I got 20 RNA-Seq samples from one tissue / different animals / same species. I mapped these to the genome one by one using tophat, then run cufflinks and cuffmerge.
My feeling is that some transcripts expressed at very low level are discarded by cufflinks, and subsequent merging can not rescue them. Hence my questions:
- can I do any better than this?
- apart from merging 20 individual BAM files into one giant one, what are the options?
- any experience with cufflinks alternatives which may be better from genome annotation point of view?

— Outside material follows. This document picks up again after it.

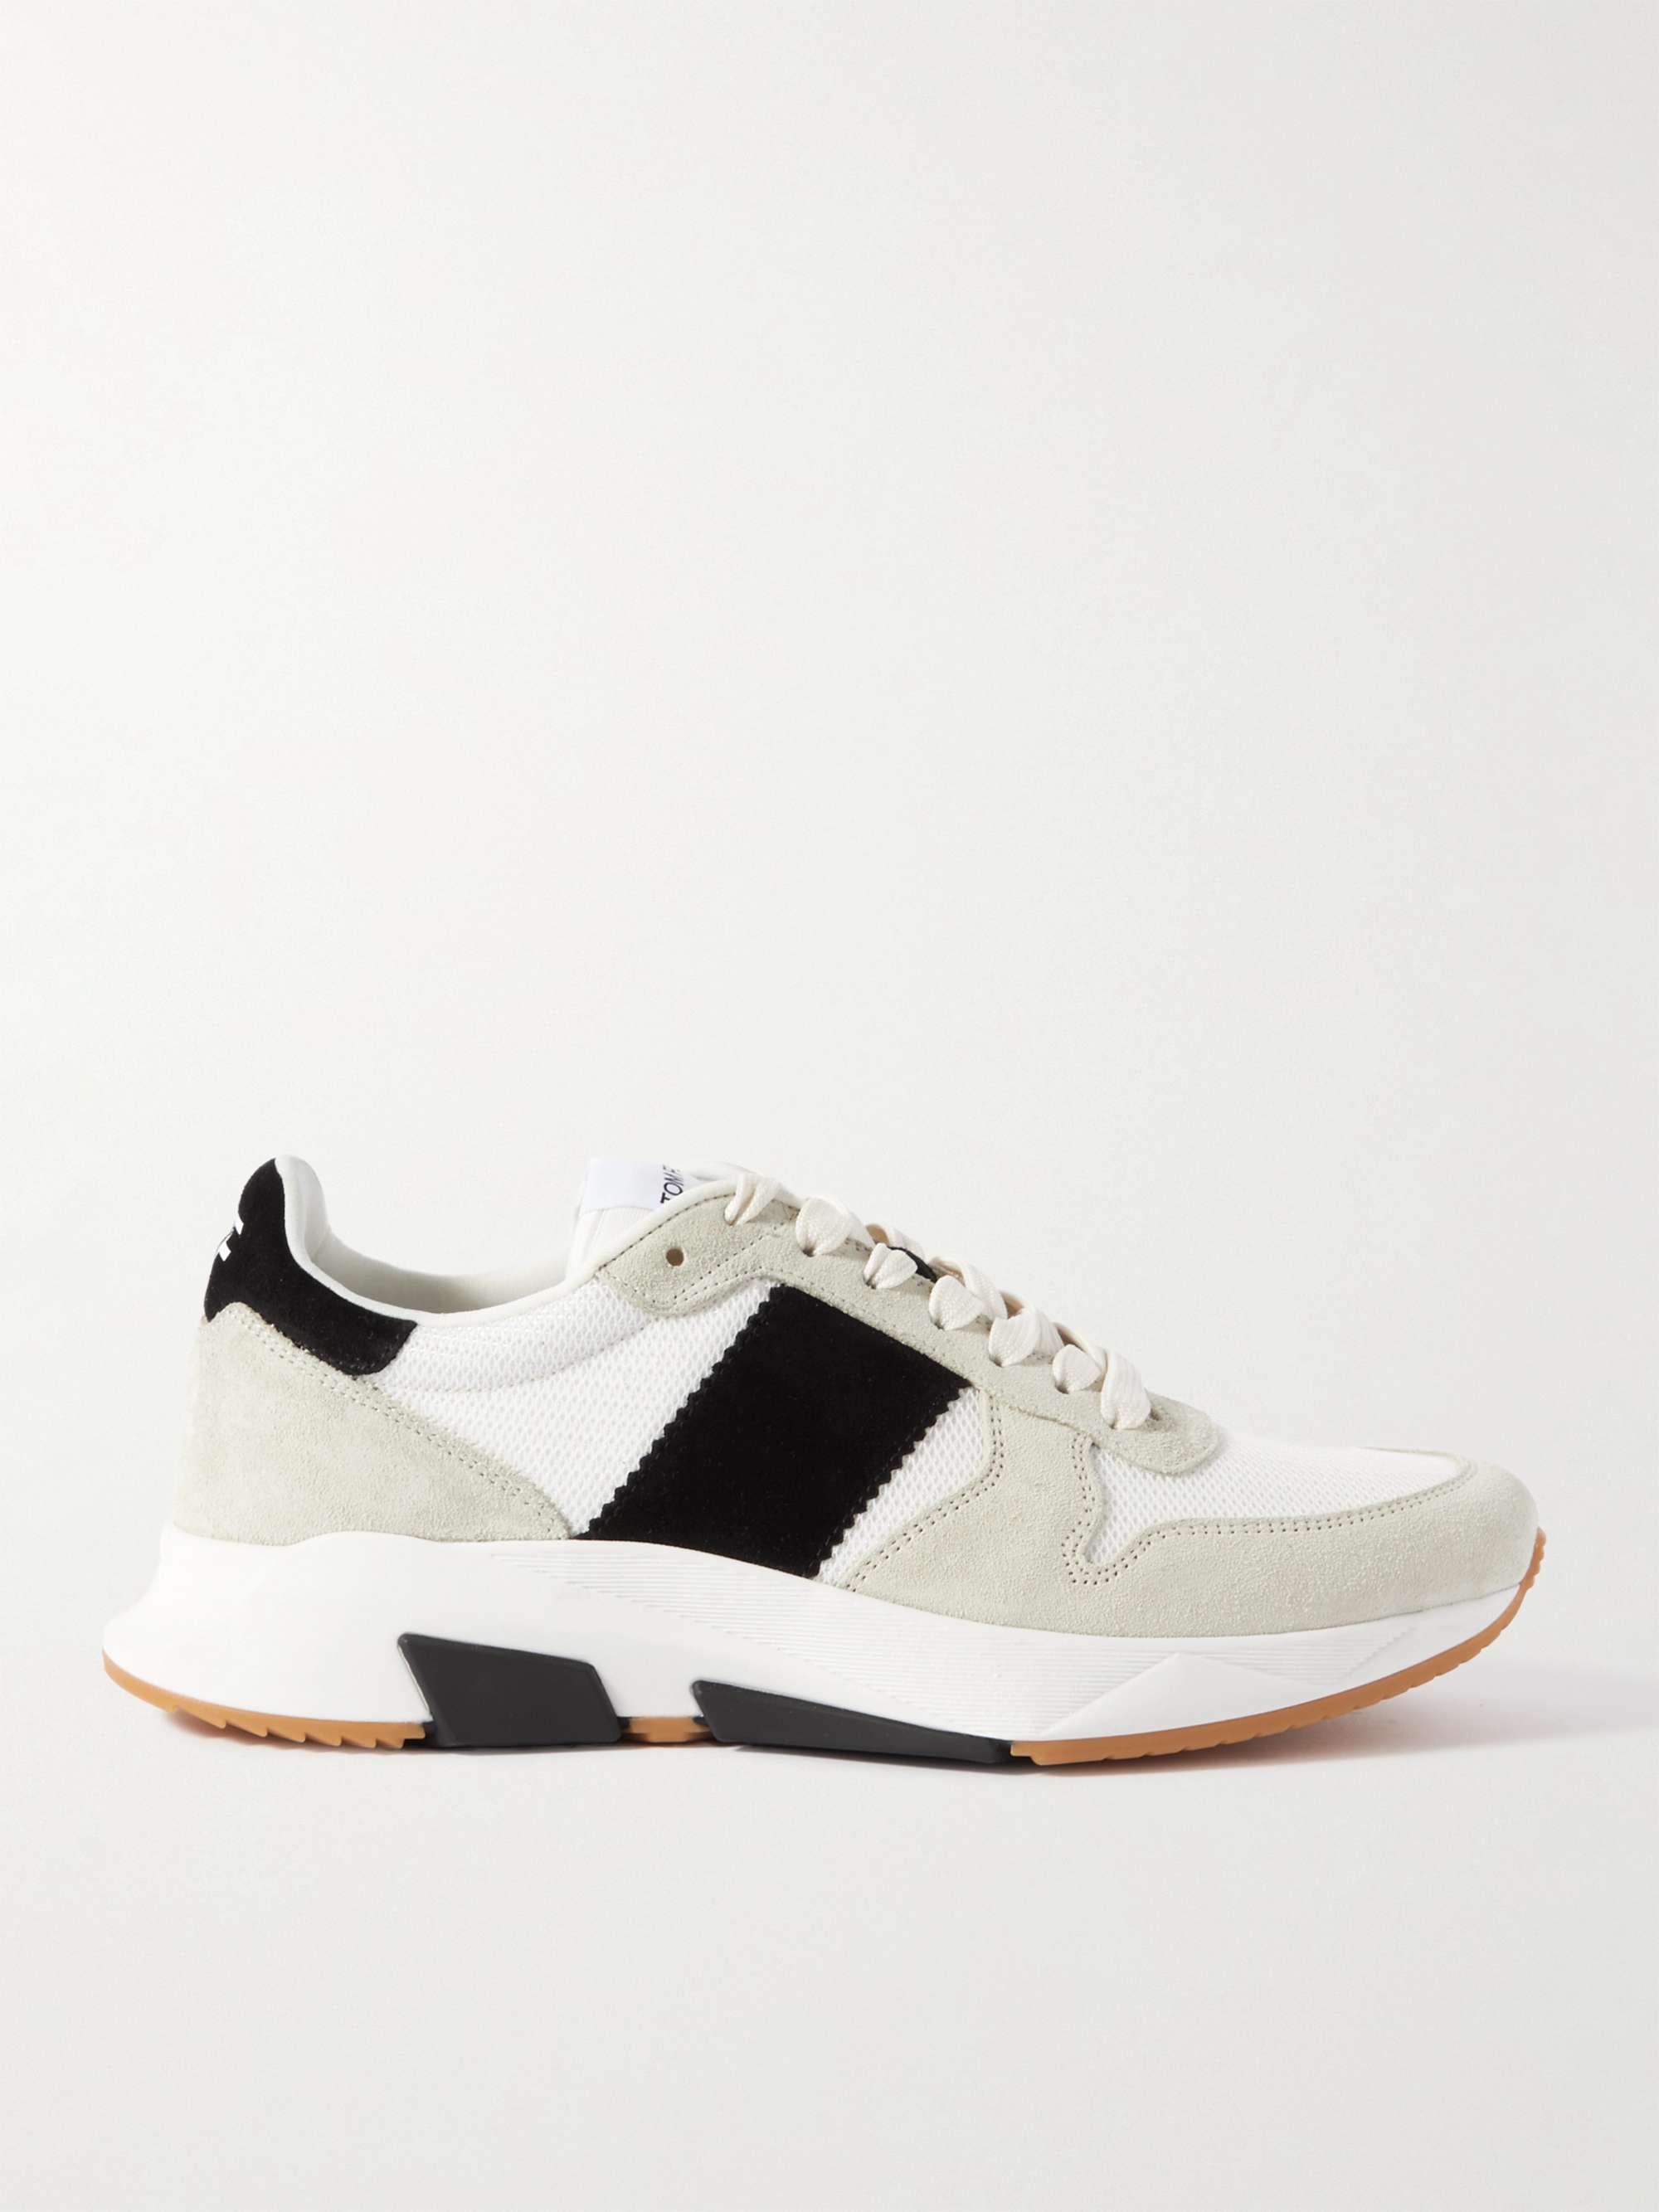 TOM FORD Suede and Mesh Sneakers for Men | PORTER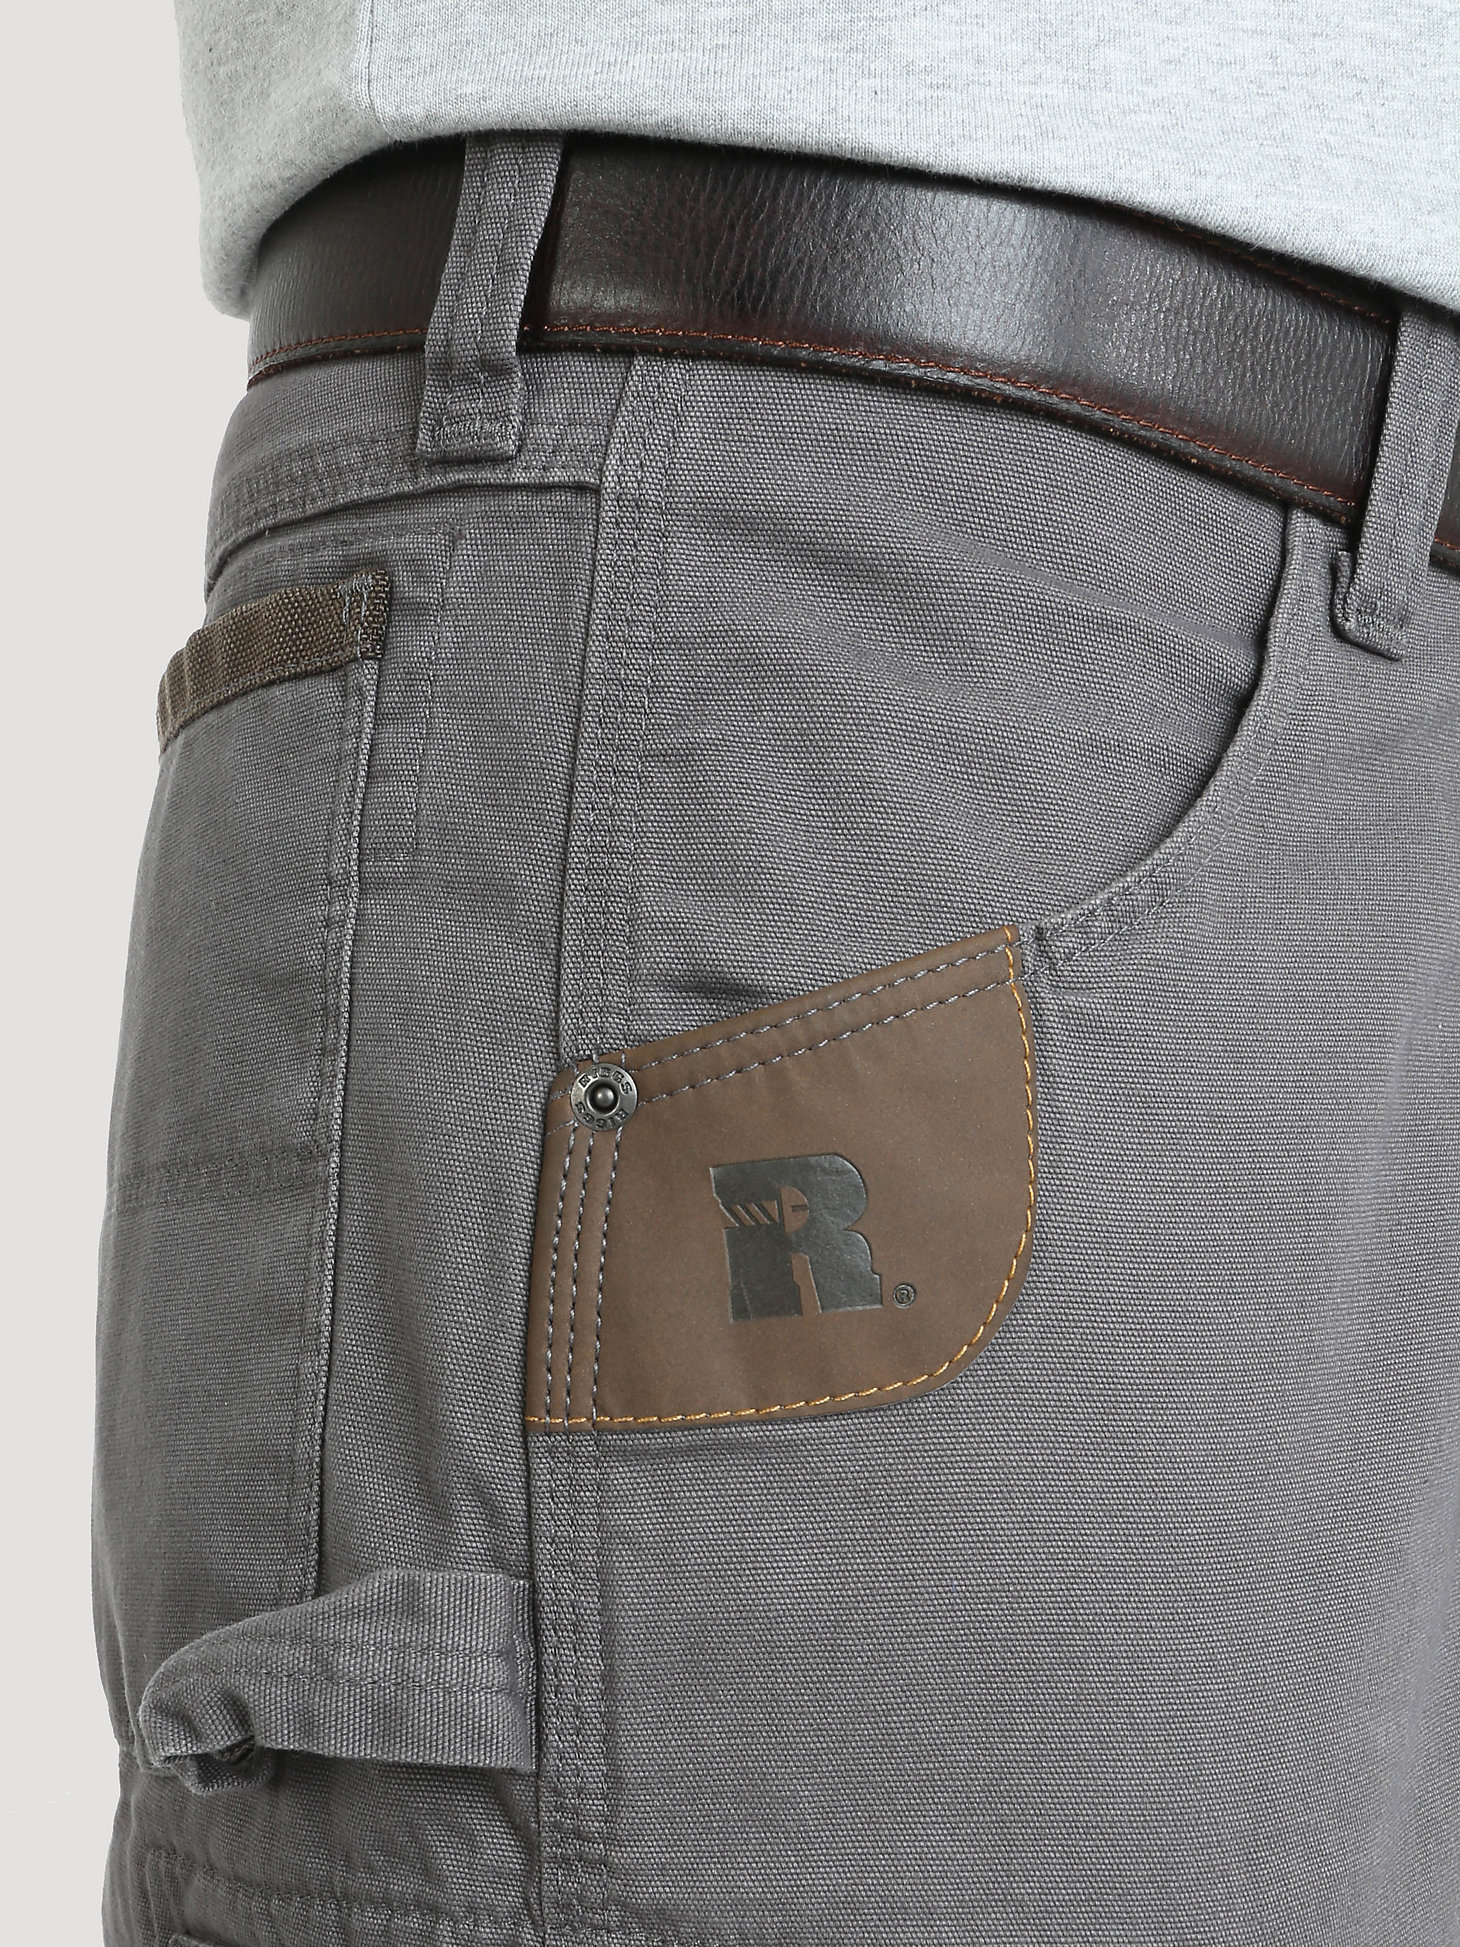 Wrangler® RIGGS Workwear® Advanced Comfort Lightweight Ranger Pant in Charcoal alternative view 6

Thanks a lot for your help
re: multiple fastq solution: this depends how tophat does the mapping. If mapping reads in spliced mode depends dramatically on positions of already mapped reads, then sure, combining all FASTQ in one go is better than merging BAMs. On the other hand if 2x 96bp RNA-Seq mapping by tophat is not reliable without prior coverage of exons by unspliced reads / entries in GTF file then one should check other mappers.
re .gtf: Yes, I got ENSEMBL annotation which I used for mapping. Here is the relevant part:
--min-intron-length 21 --max-intron-length 200000 --segment-mismatches 1 --butterfly-search --GTF my_ensembl.gtf
re another approaches:
I also used our in house pipeline based on GEM for mapping. I will try Trinity, possibly also Trans-Abyss.